In 2024, Ghosh et al. published a study that focused on predicting the bandgaps of nitride perovskites using four machine learning (ML) models: multi-layer perceptron (MLP), gradient boosted decision tree (GBDT), support vector regression (SVR), and random forest regression (RFR). The models were trained on 1563 nitride perovskites with bandgaps between 1.0 and 3.1 eV.8

Sadhu et al. recently suggested that ML models accurately forecast PSC parameters, with key features such as the grain size, band gap, and electron/hole mobility driving performance optimization for commercialization. The study focused on the analysis and prediction of the performance of PSCs using machine learning techniques.9

In our study, we investigated the accuracy of various ML models in predicting the bandgap of perovskite materials used in PSCs. We utilized a dataset from The Perovskite Database3 comprising information on 500 devices, including different perovskite compositions such as MAPbI3, FAPbI3, CsSnI3, and CsMAPbI3. The dataset contains a range of feature parameters relevant to the fabrication process, including perovskite dimensions, coefficients, thickness, deposition temperature, and deposition time. Our primary objective is to compare the performance of six different ML models in predicting the bandgap of the perovskite material, and identify the most accurate and reliable predictive model.

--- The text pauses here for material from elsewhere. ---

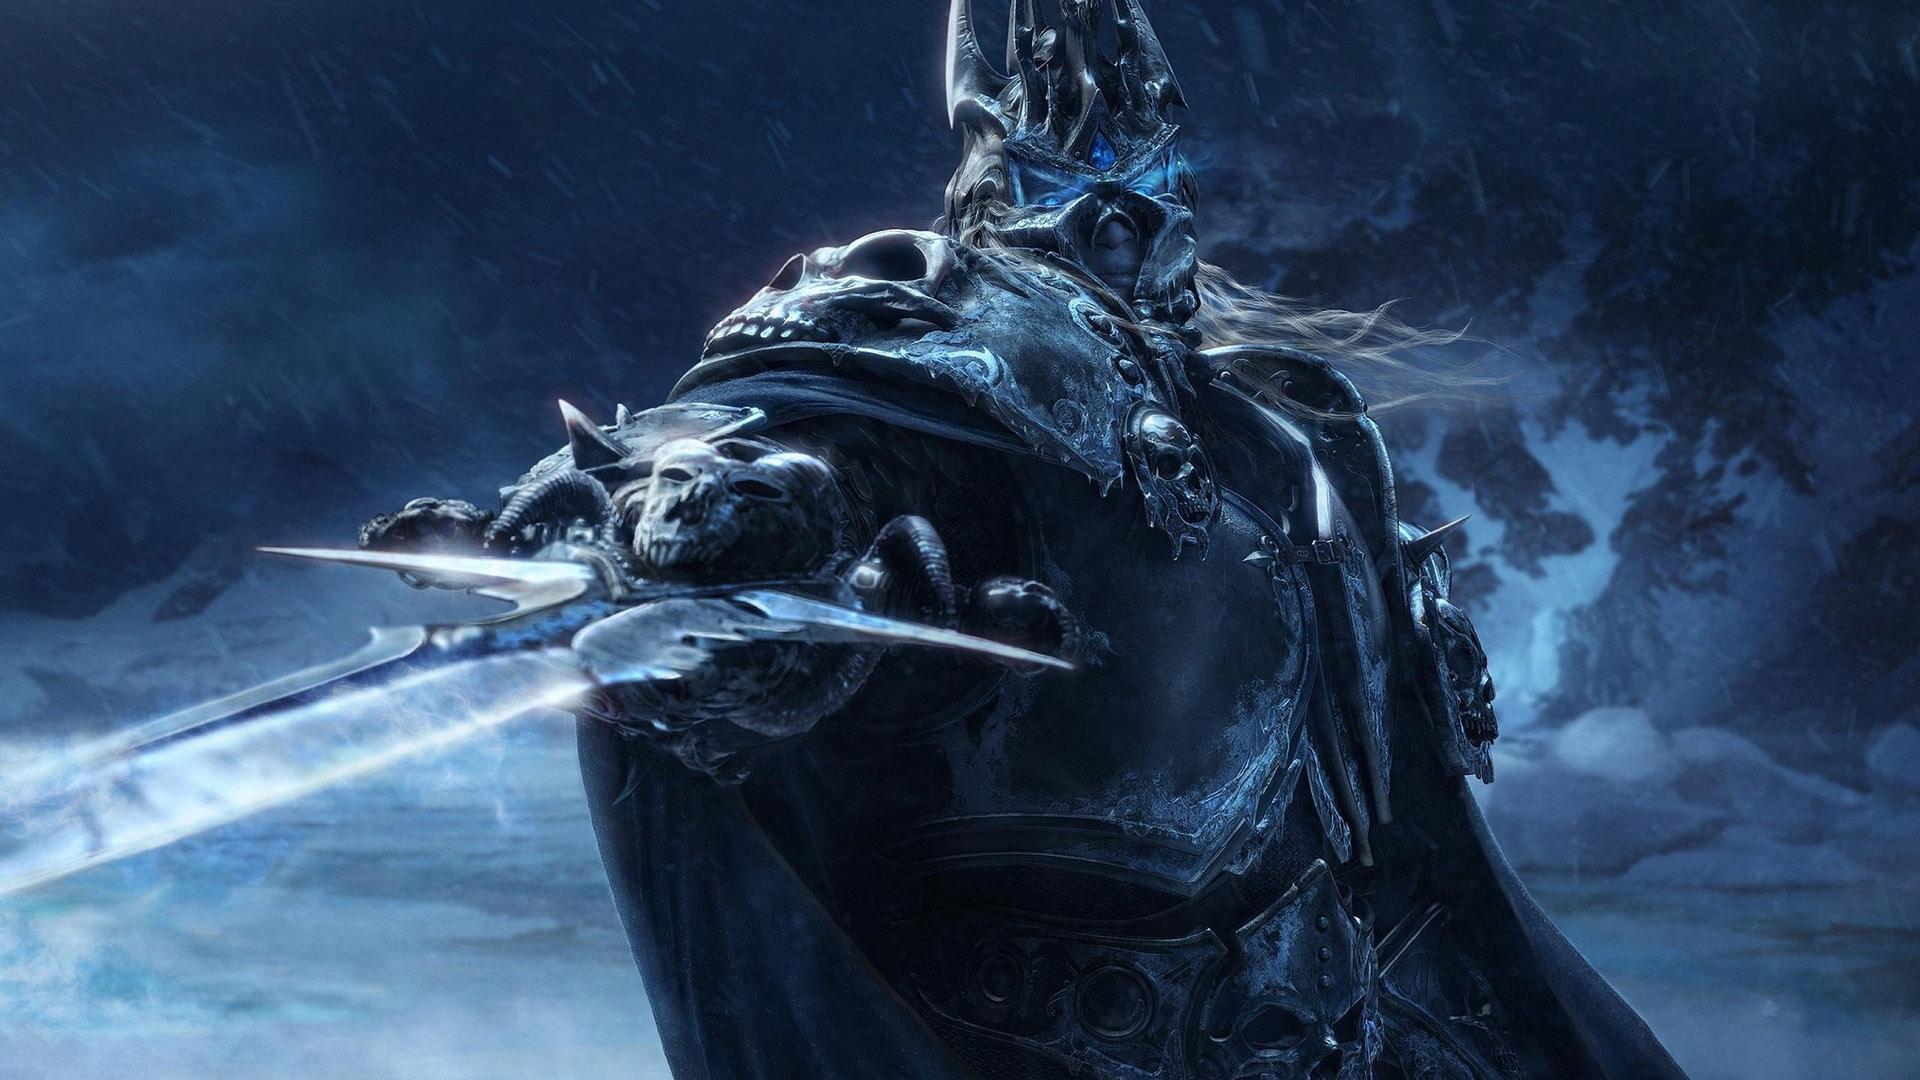 Warcraft 3 wallpaper 7

To achieve our objective, we employed six ML methods: random forest, gradient boosting regressor, k-nearest neighbors (KNN), AdaBoost, Gaussian process regressor, and bagging. These models are trained on a dataset of 500 devices, and subsequently validated using a separate dataset consisting of 50 devices. The performance of each model is evaluated based on key metrics, such as the mean absolute error (MAE), mean squared error (MSE), and coefficient of determination (r2). Additionally, we analysed the feature importance of the selected parameters to gain insights into their influence on bandgap prediction.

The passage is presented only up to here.